Consider given C codes :
#include<stdio.h>
extern int i;
int main(){
printf("%d", i);
return 0;
}
It gives Compilation error
. While if I initialize extern int i=10;
then output is 10
.
#include<stdio.h>
extern int i=10; //initialization statement
int main(){
printf("%d", i);
return 0;
}
And also, if I assign int i=10;
then output is 10
.
#include<stdio.h>
extern int i;
int i=10; //assignment
int main(){
printf("%d", i);
return 0;
}
And
#include<stdio.h>
extern int i;
int main(){
int i=10; //assignment
printf("%d", i);
return 0;
}
Variation :
#include<stdio.h>
extern int i;
int i=20;
int main(){
int i=10;
printf("%d", i);
return 0;
}
Since, int i
is local variable, so output is 10
.
Please, can you explain some important point about extern
storage class in C
I read somewhere, a declaration declares the name and type of variable or function. A definition causes storage to be allocated for the variable or the body of the function to be defined. The same variable or function may have many declaration, but there can be only one defition for that variable or function.
Consider
int i;
declared outside all the functions of the programme including main
.
This means i
will have
- file scope
- static storage duration
- space is allocated for i. #This is important.
Consider
extern int i;
declared outside all the functions of the programme including main
.
This means i
will have
- file scope
- static storage duration
i
is only declared, not defined which means space is not allocated.
i
is assumed to be defined somewhere else, may be, in an include file
Consider
extern int i=10;
declared outside all the functions of the programme including main
.
This is the case where you're initializing the extern
variable i
. In this case
- Space is allocated for
i
.
- i will be initialized to
10
.
- The keyword
extern
is neglected which means i
is NOT declared only
.
Note
For extern int i
it is mandatory that the variable should be defined somewhere else, ie in another source file. If this is not the case, you will a compile-time error.
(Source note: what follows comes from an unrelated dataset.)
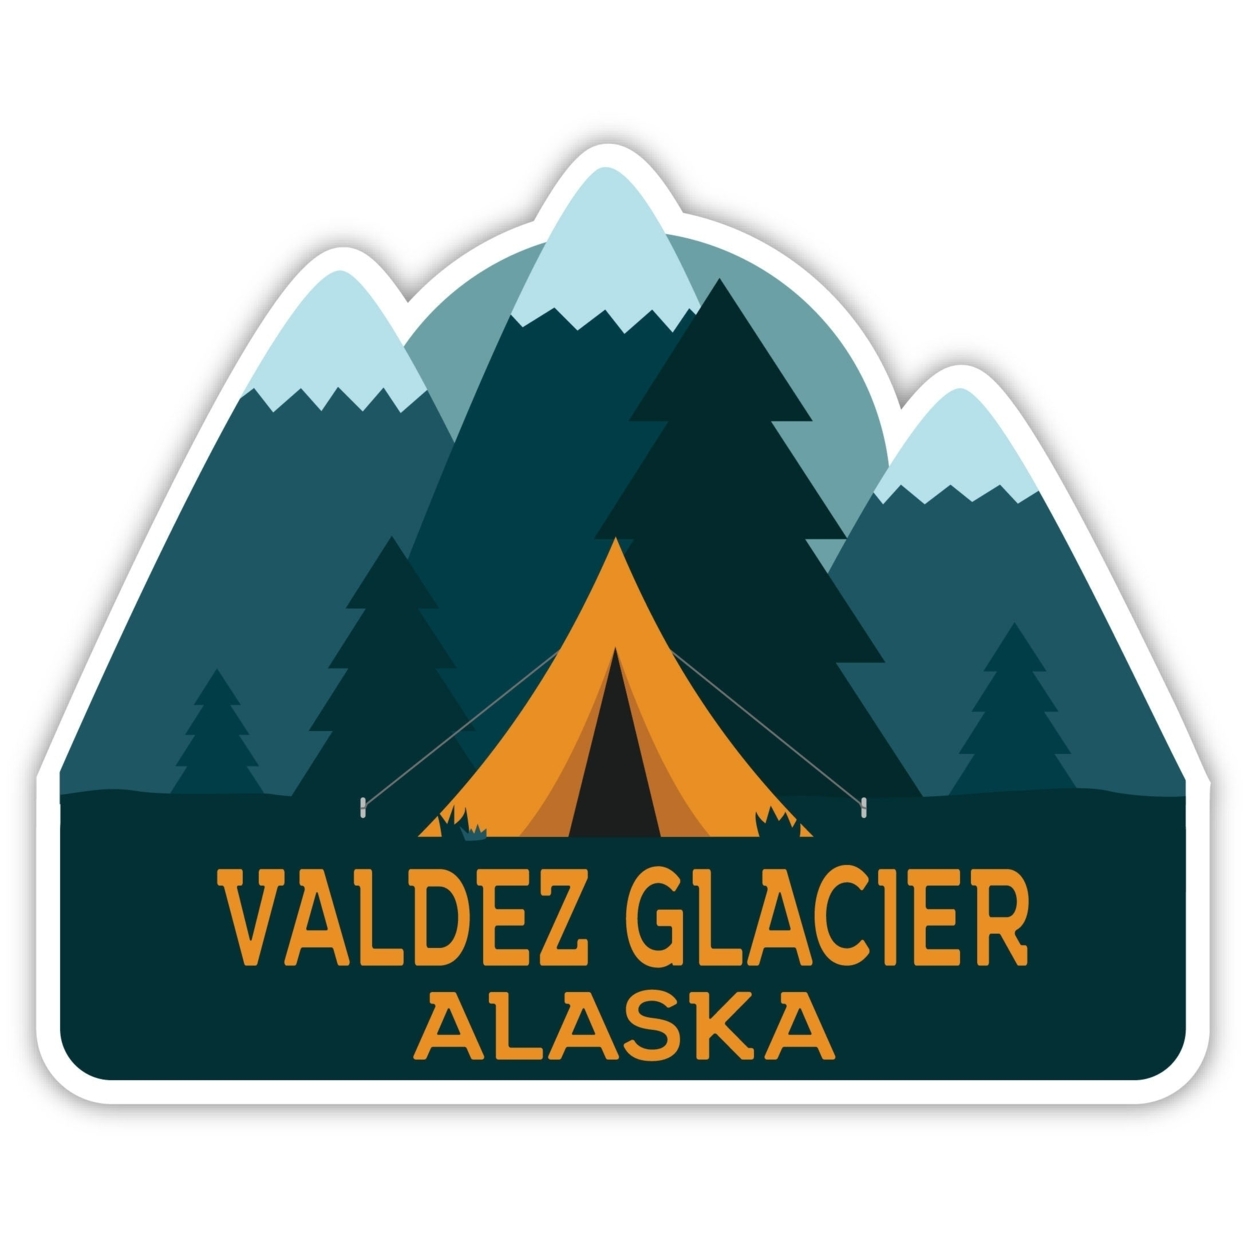 Valdez Glacier Alaska Souvenir Decorative Stickers (Choose Theme And Size) - Single Unit, 4-Inch, Tent

The extern storage class specifier is used to give a reference of a global variable that is visible to ALL the program files. When you use 'extern', the variable cannot be initialized however, it points the variable name at a storage location that has been previously defined.
when the code references a symbol via the extern
modifier, it means the symbol is actually defined elsewhere rather than in the current file.
An exception, if the extern
modififier is used for a symbol that is actually defined in the current file, that is OK.
The extern int i;
declaration just tells the compiler that there somewhere (in this or another source) exists an actual declaration of i
in global scope. It's not in itself the actual declaration of i
. Therefore it's inappropriate to assign a value to i
in that declaration (which is why the second try is invalid). Your first attempt is invalid since you don't have an actual declaration of i
.
Your third is OK though as you have an actual declaration of i
, but you wouldn't have to have the extern int i;
declaration.
Your last samples involves i
in both local and global scope. In such a case the variable in local scope will be used. That's why you don't get 20 printed.